По делу о гибели «Вайгача» было проведено расследование (на этом настаивал Вилькицкий), в ходе которого виновных в аварии не выявили, а ее причиной признали неточность навигационных карт. 23 мая 1919 г. Вилькицкий телеграфировал в Омск о том, что дело прекращено, а в действиях командного состава не найдено «служебных и навигационных упущений и признаков преступления и проступка».[50] Задание экспедиции было выполнено, но ценой гибели одного из судов. Конечно, это наложило отпечаток на дальнейшее отношение командования Флотилии Северного Ледовитого океана к деятельности ГЭСЛО. Но, несмотря на это, Б. А. Вилькицкий был полон новых идей, проектов и планов, часть из которых удалось осуществить в следующем году.
Обская экспедиция на портовом судне «Соломбала»
Почти одновременно с походом «Таймыра» и «Вайгача» в Карское море состоялась еще одна экспедиция: портовое судно «Соломбала», принадлежавшее Дирекции маяков и лоций Белого моря[51], выполнило рейс в бухту Находка. Об этом плавании в литературе сохранилось еще меньше упоминаний, чем о походе «Таймыра» и «Вайгача». Часто историки ошибаются, «объединяя» две эти экспедиции. Например, М. И. Белов пишет о том, что основной целью плавания под командованием Б. А. Вилькицкого «явилось сопровождение парохода „Соломбала“, на борту которого находилась французская военная миссия».[52] В работе А. Б. Марголина говорится о том, что «вместе с экспедицией Вилькицкого в устье Оби был направлен пароход „Саламбо“».[53] Между тем плавание «Соломбалы» было вполне самостоятельным предприятием, оказавшим влияние на использование Северного морского пути как в ходе Гражданской войны, так и после ее окончания.
30 августа 1918 г. начальником экспедиции, отправляемой в устье Оби, был назначен подполковник Корпуса гидрографов Д. Ф. Котельников[54], занимавший ранее должность начальника Гидрографического отряда Гидрографической экспедиции Белого моря.[55] Котельников сыграл важную роль в освоении Северного морского пути во время Гражданской войны, а впоследствии стал видным советским гидрографом. Главной задачей экспедиции была доставка французской радиостанции и ее обслуживающего персонала в Обдорск (ныне Салехард), а при благоприятных условиях — в Тобольск.

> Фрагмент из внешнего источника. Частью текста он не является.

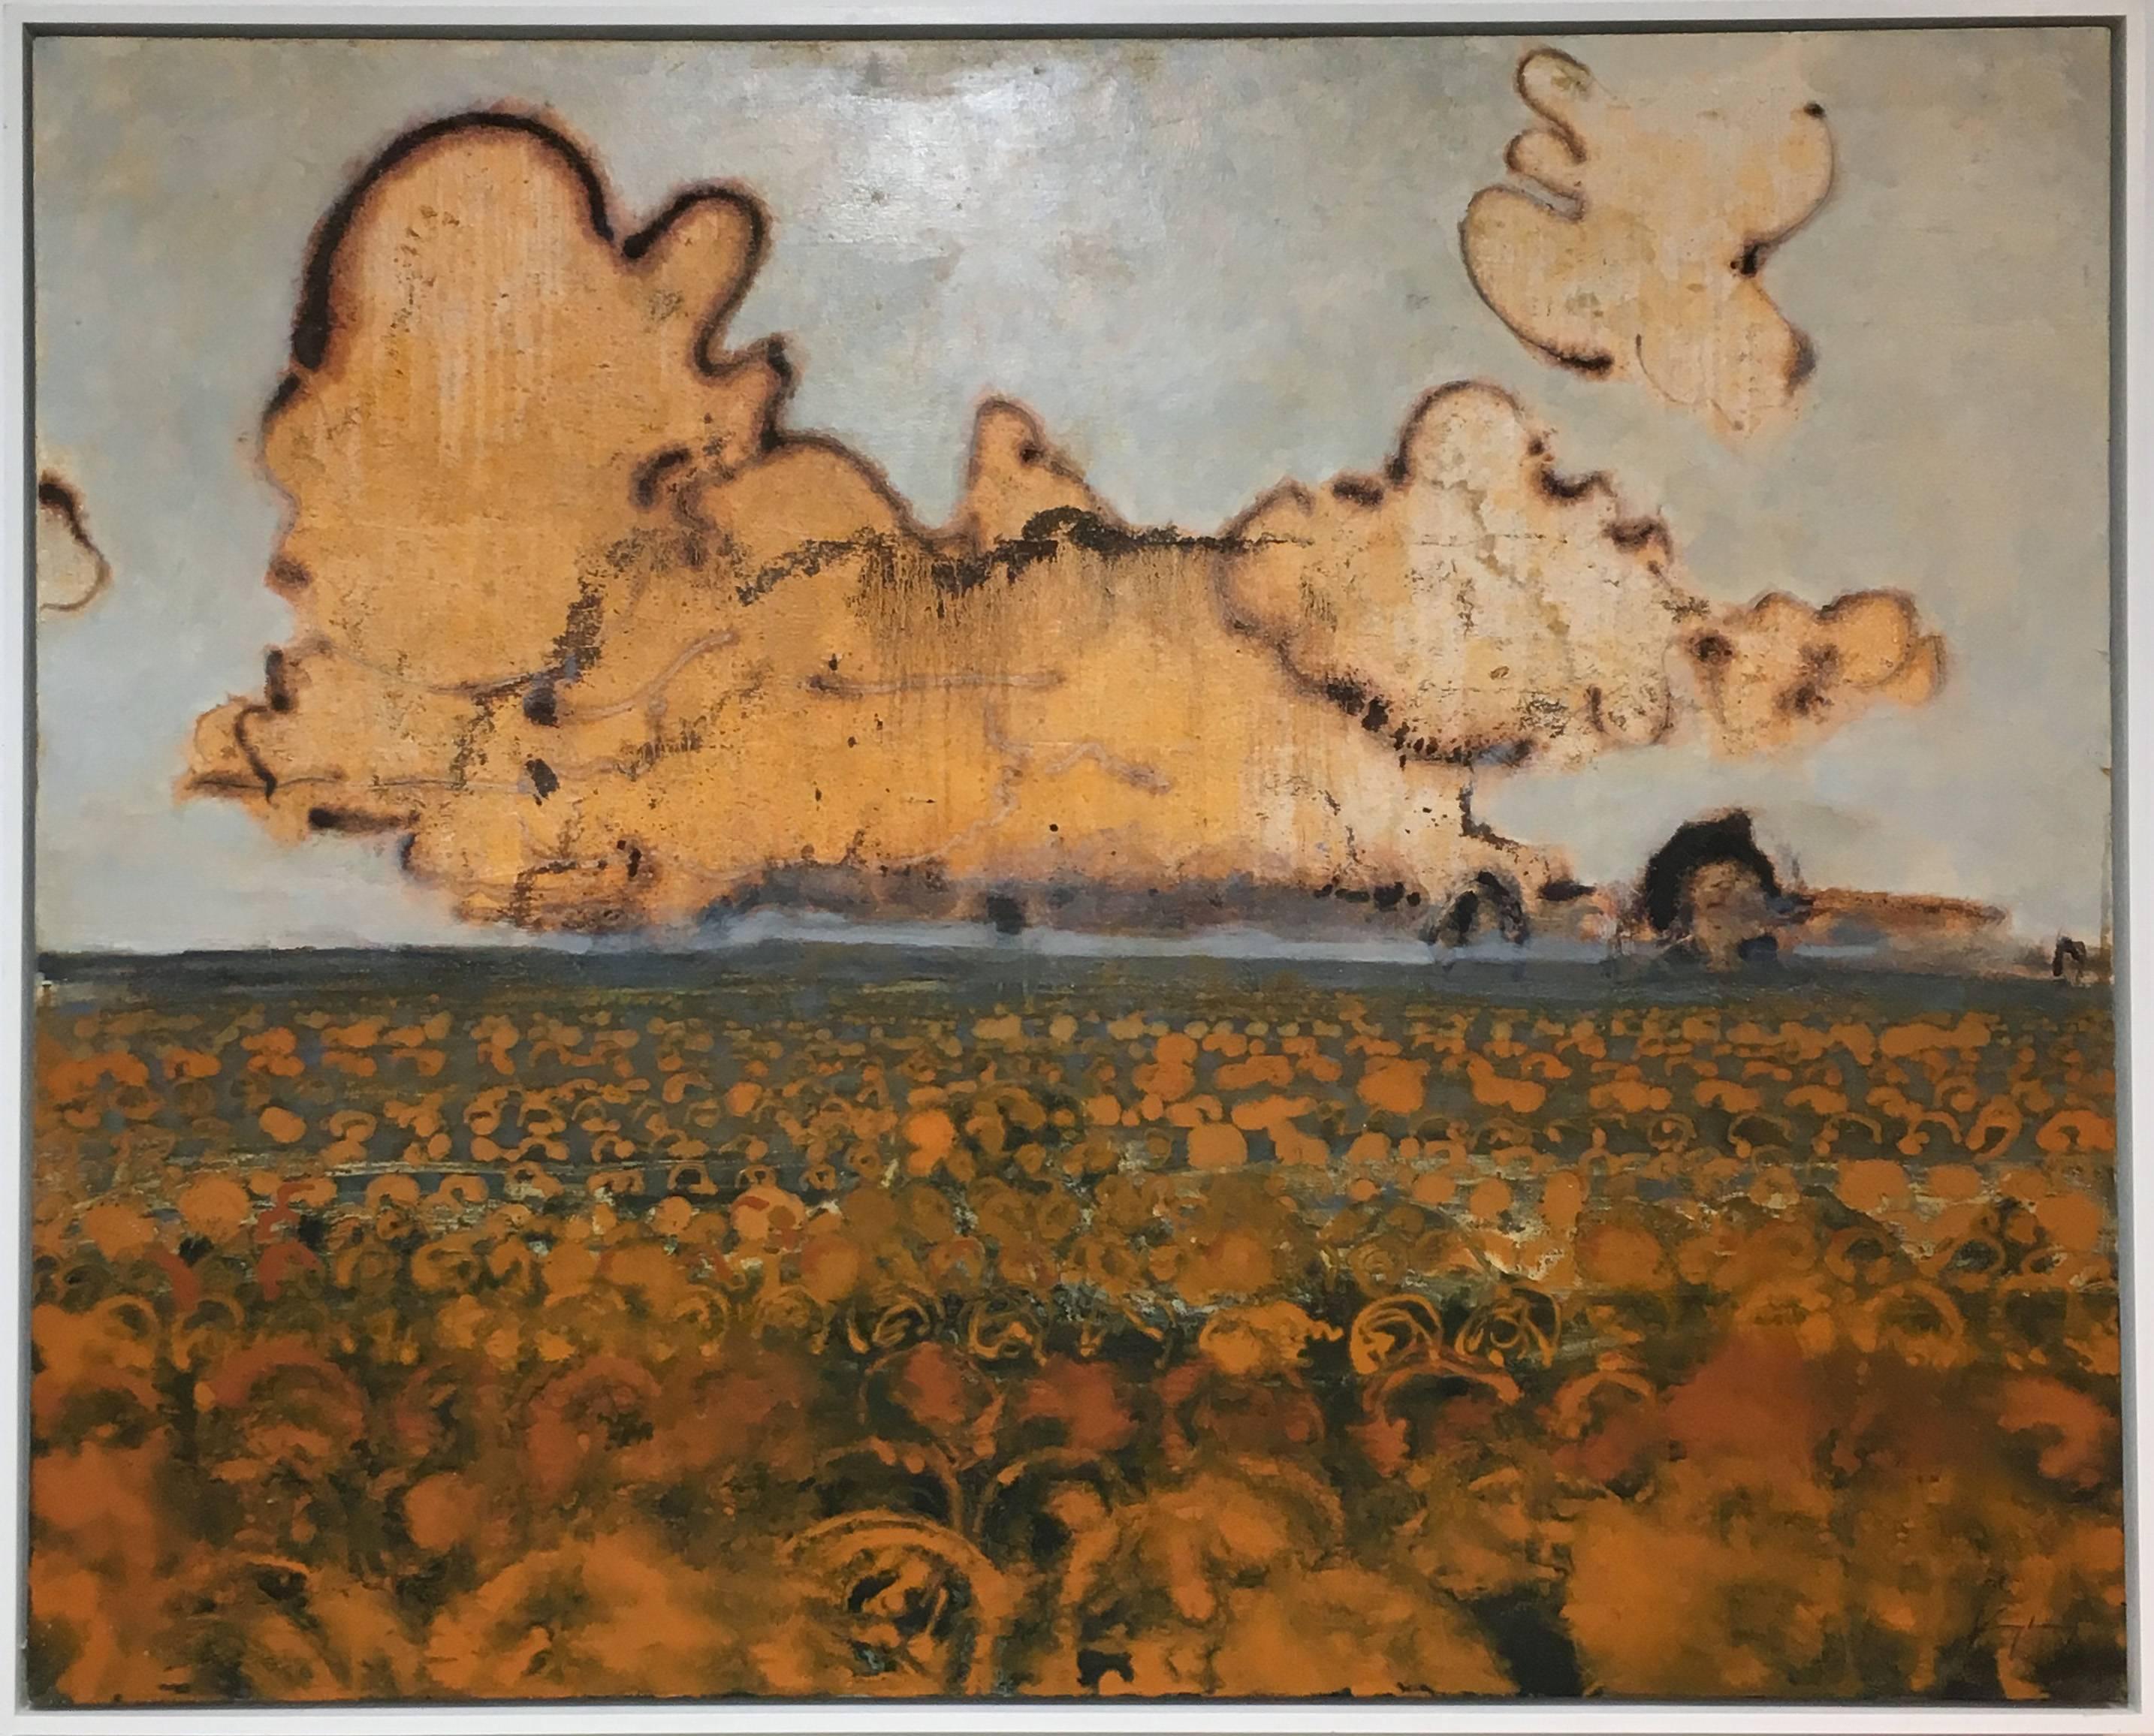 Peinture contemporaine de paysage de la vallée de l'Hudson - Peinture - Peinture de citrouille - Marron Figurative Painting par David Konigsberg

Для экспедиции было выбрано портовое судно «Соломбала» — старый пароход, построенный в 1871 г. Он только что вернулся из очередного рейса по доставке снабжения на беломорские маяки. Командир судна А. А. Ларионов вспоминал о подготовке к походу. «В Обь так в Обь, не все ли равно, где плавать; только вот судно не приспособлено к дальним переходам: запасов воды на 6—7 дней, а угля на 23 дня, если занять бункера и все трюмы под уголь, за исключением носового № 1, который необходимо было занять под груз радиостанции. Во время приготовления в экспедицию чуть было не произошла задержка: команда, как крысы с гибнущего корабля, побежала на берег, не желая идти в это опасное, по их мнению, плавание. Пришлось спешно набрать кое-какую команду в дополнение к оставшейся. Вышли в море все-таки в назначенное время, закончив все приготовления к походу в пять дней, несмотря на все препятствия. Мне было дано распоряжение доставить все до места назначения и вернуться по возможности обратно с судном».[56] Последняя фраза хорошо свидетельствует о том, что командование, посылая пароход в Обскую губу, не располагало достоверными сведениями как о политической, так и о навигационной обстановке.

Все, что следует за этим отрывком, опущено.